Instructions for the task
Find each line of the entries with the string "from", please, and copy it.

Input records

::::

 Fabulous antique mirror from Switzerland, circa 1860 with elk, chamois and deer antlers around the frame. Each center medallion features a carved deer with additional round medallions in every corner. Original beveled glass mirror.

::::

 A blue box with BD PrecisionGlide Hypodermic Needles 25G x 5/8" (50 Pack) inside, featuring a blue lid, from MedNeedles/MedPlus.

::::

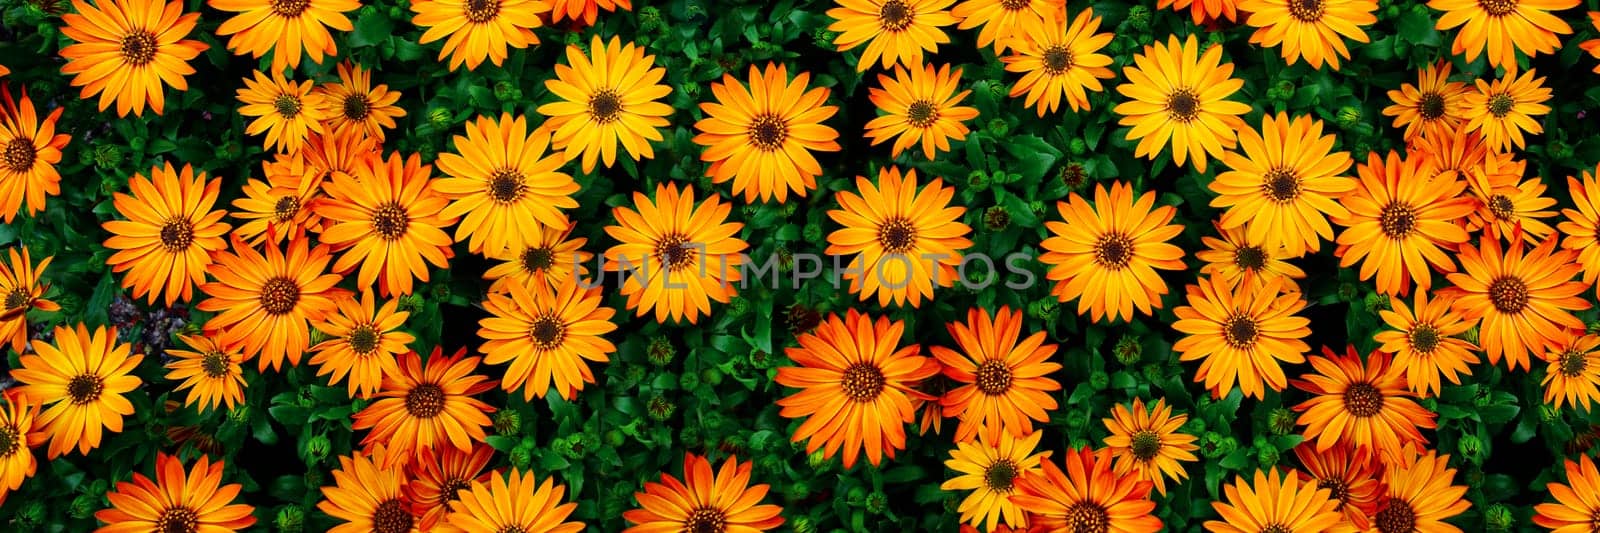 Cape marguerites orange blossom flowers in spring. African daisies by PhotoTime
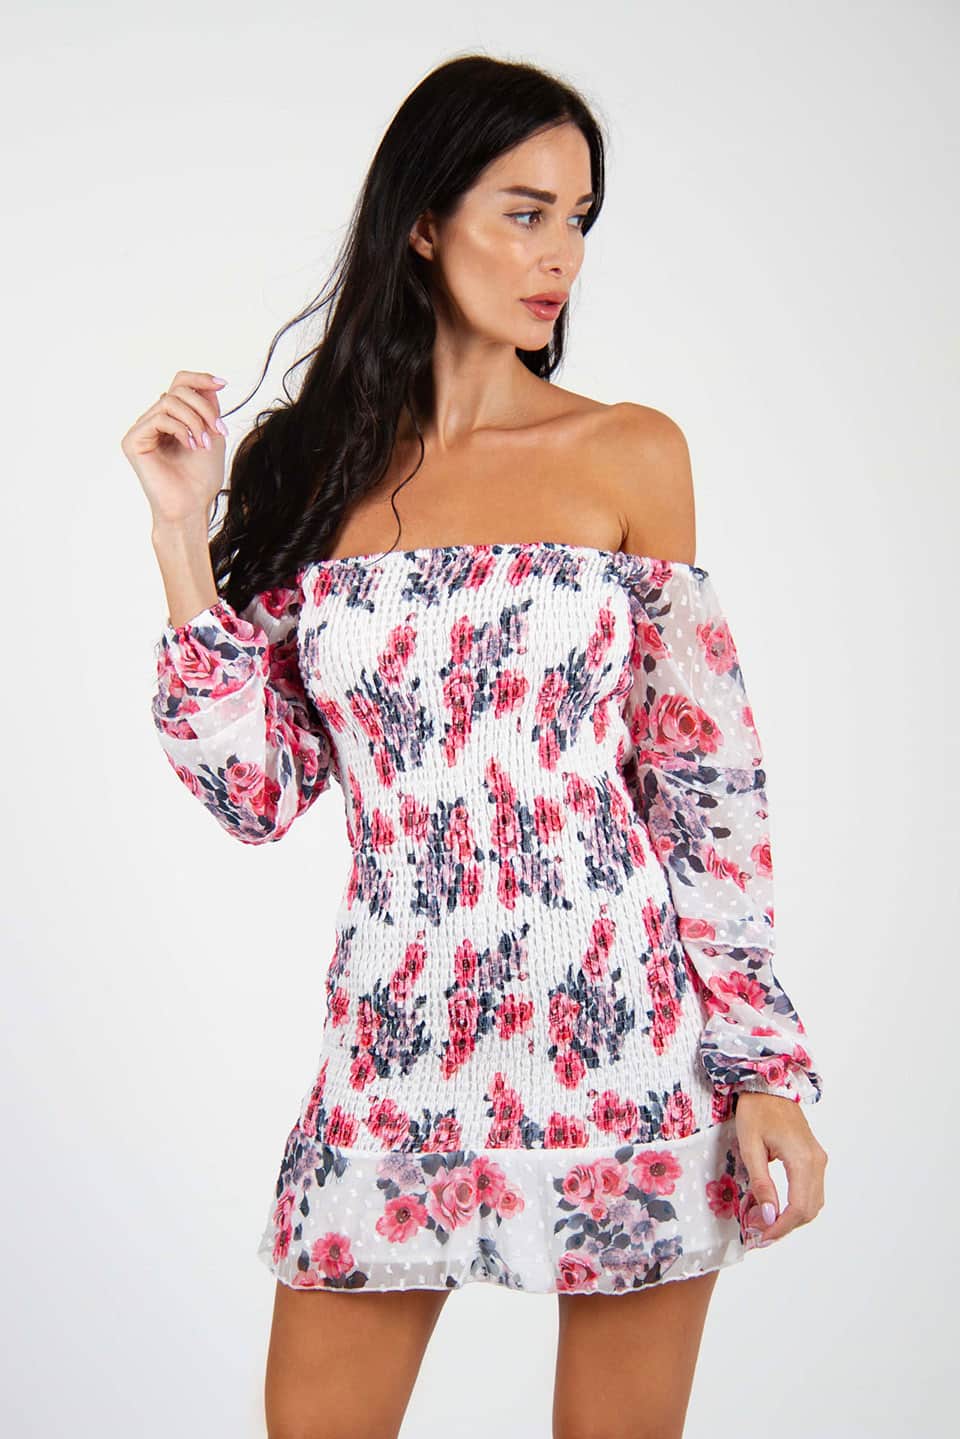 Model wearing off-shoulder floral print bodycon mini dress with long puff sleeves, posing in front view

::::

Task response
 Fabulous antique mirror from Switzerland, circa 1860 with elk, chamois and deer antlers around the frame. Each center medallion features a carved deer with additional round medallions in every corner. Original beveled glass mirror.
 A blue box with BD PrecisionGlide Hypodermic Needles 25G x 5/8" (50 Pack) inside, featuring a blue lid, from MedNeedles/MedPlus.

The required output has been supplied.